If we look around the world today we see that the places with the densest populations, such as China and India, are poor. But in the long-run of history that doesn’t make sense. As Paul Romer, and others, have emphasized, ideas are the ultimate source of wealth and more people means more ideas. As a result, innovation and GDP per capita should be higher in places and times with more people. The fact that China and India are poor today is an out-of-equilibrium anomaly that happened because they were slower than the West to adopt the institutions of free markets and capitalism necessary to leverage ideas into output. China and India weren’t relatively poor in the past, however, and they won’t be relatively poor in the future. With that in mind, a key long-run prediction of Desmet, Krisztian Nagy and Rossi-Hansberg becomes clear. If people are not allowed to migrate then the places that are densest today will not only equal the West, they will overtake the West in innovation and productivity.

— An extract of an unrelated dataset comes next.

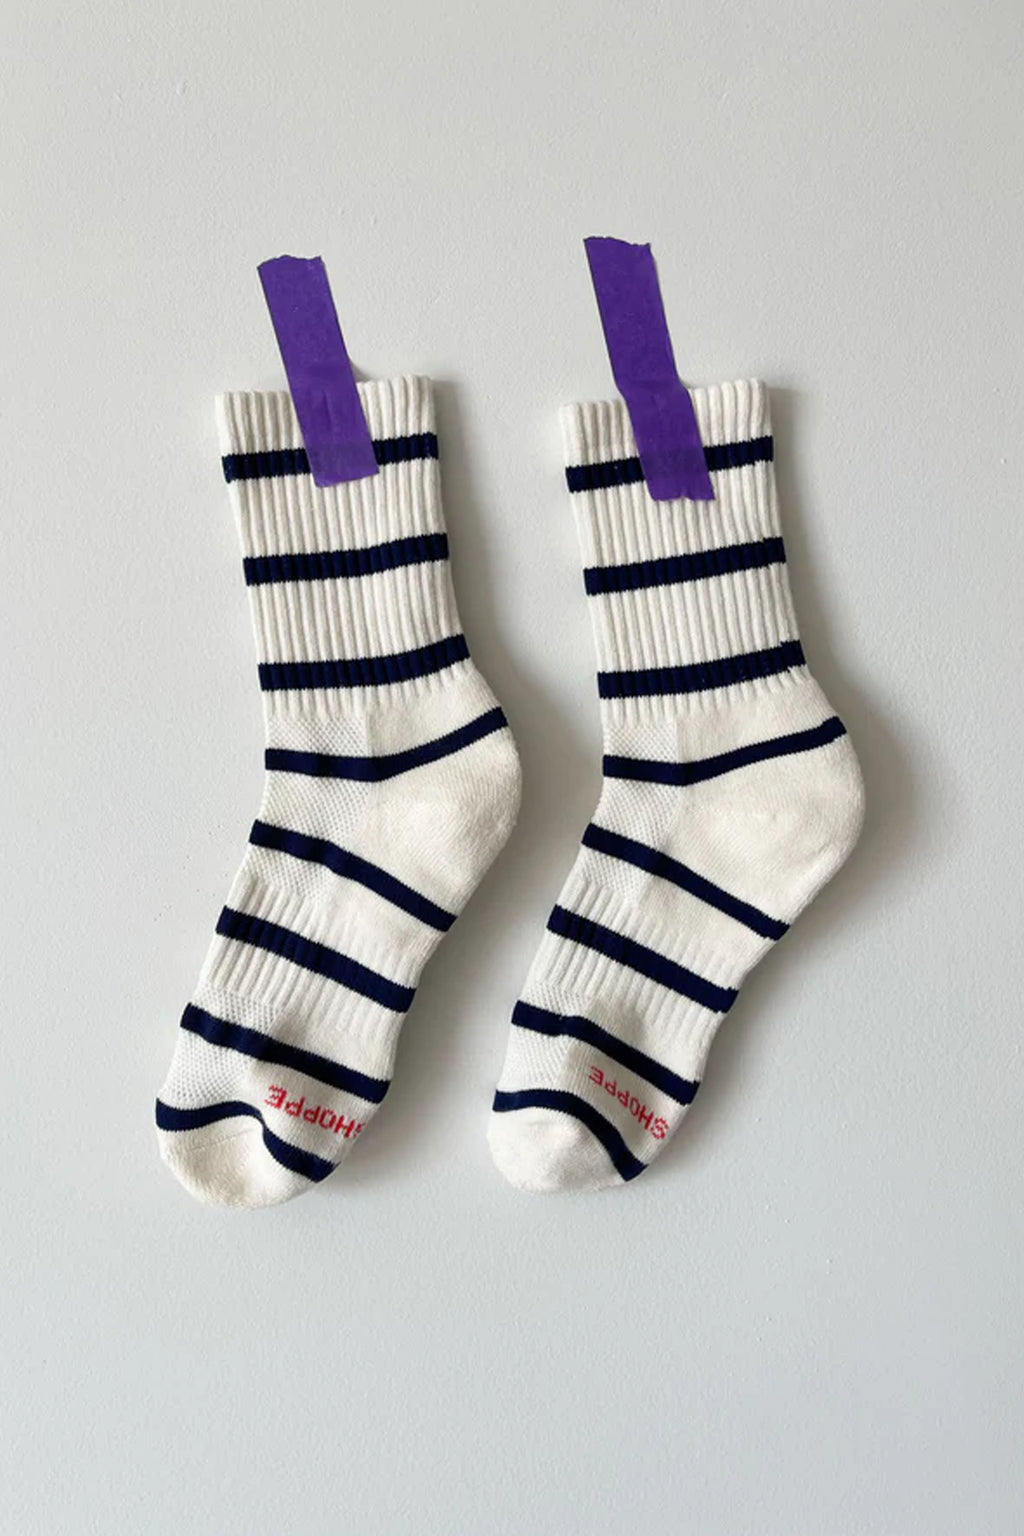 Le Bon Shoppe Boyfriend Striped Sailor Socks - The Mercantile London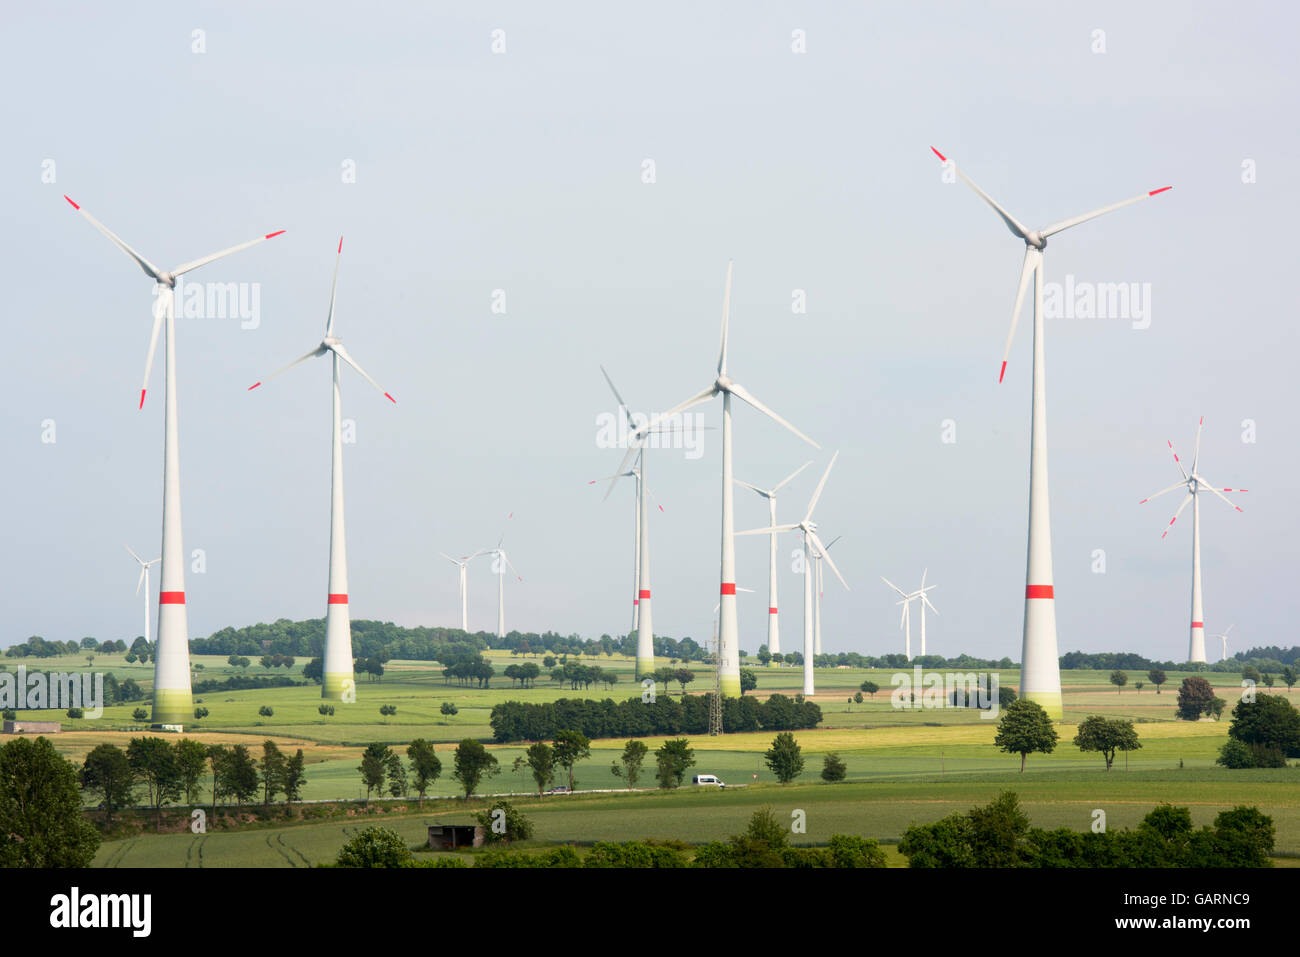 Deutschland, Nordrhein-Westfalen, Paderborn-Benhausen, parque eólico instalado Foto de stock

Linking these downstream expressions with Prince Charles is visible in the June 2020 article from the Lincoln Institute.
Other organizations including the World Economic Forum are promoting the idea of “building back better” as the world copes with the repercussions of the COVID-19 crisis. Setting the bar higher will mean confronting persistent and pernicious problems in our cities. It will also mean building on the strongest physical assets of those same cities: walkable, mixed-use environments served by transit and mobility systems other than private vehicles. “Smart density and the agility and creativity of cities is what’s going to allow us to not just get through this health crisis, but emerge with a more equitable, healthy environment,” says Schaaf.
Resilient cities will recover from this crisis, and density—adjusted as it must be to ensure greater accessibility and affordability for all— is sure to be a critical component. “Americans have always had a love-hate relationship with cities and an aversion to density, so it’s no surprise that spreading out would be considered an appropriate response to this moment,” Campoli notes. “But in the long run, proximity is essential for healthy communities and the environment. We aren’t planning to give up on the essential activities that sustain us.”
In summary, the great reset intends to wipe the famous neoliberal slate clean of previous mistakes because now we know “better”? And pushing the world into a conglomeration of borderless cities is the neoliberal opportunity?
But then, I am just a realist and to me humans are not just economic units.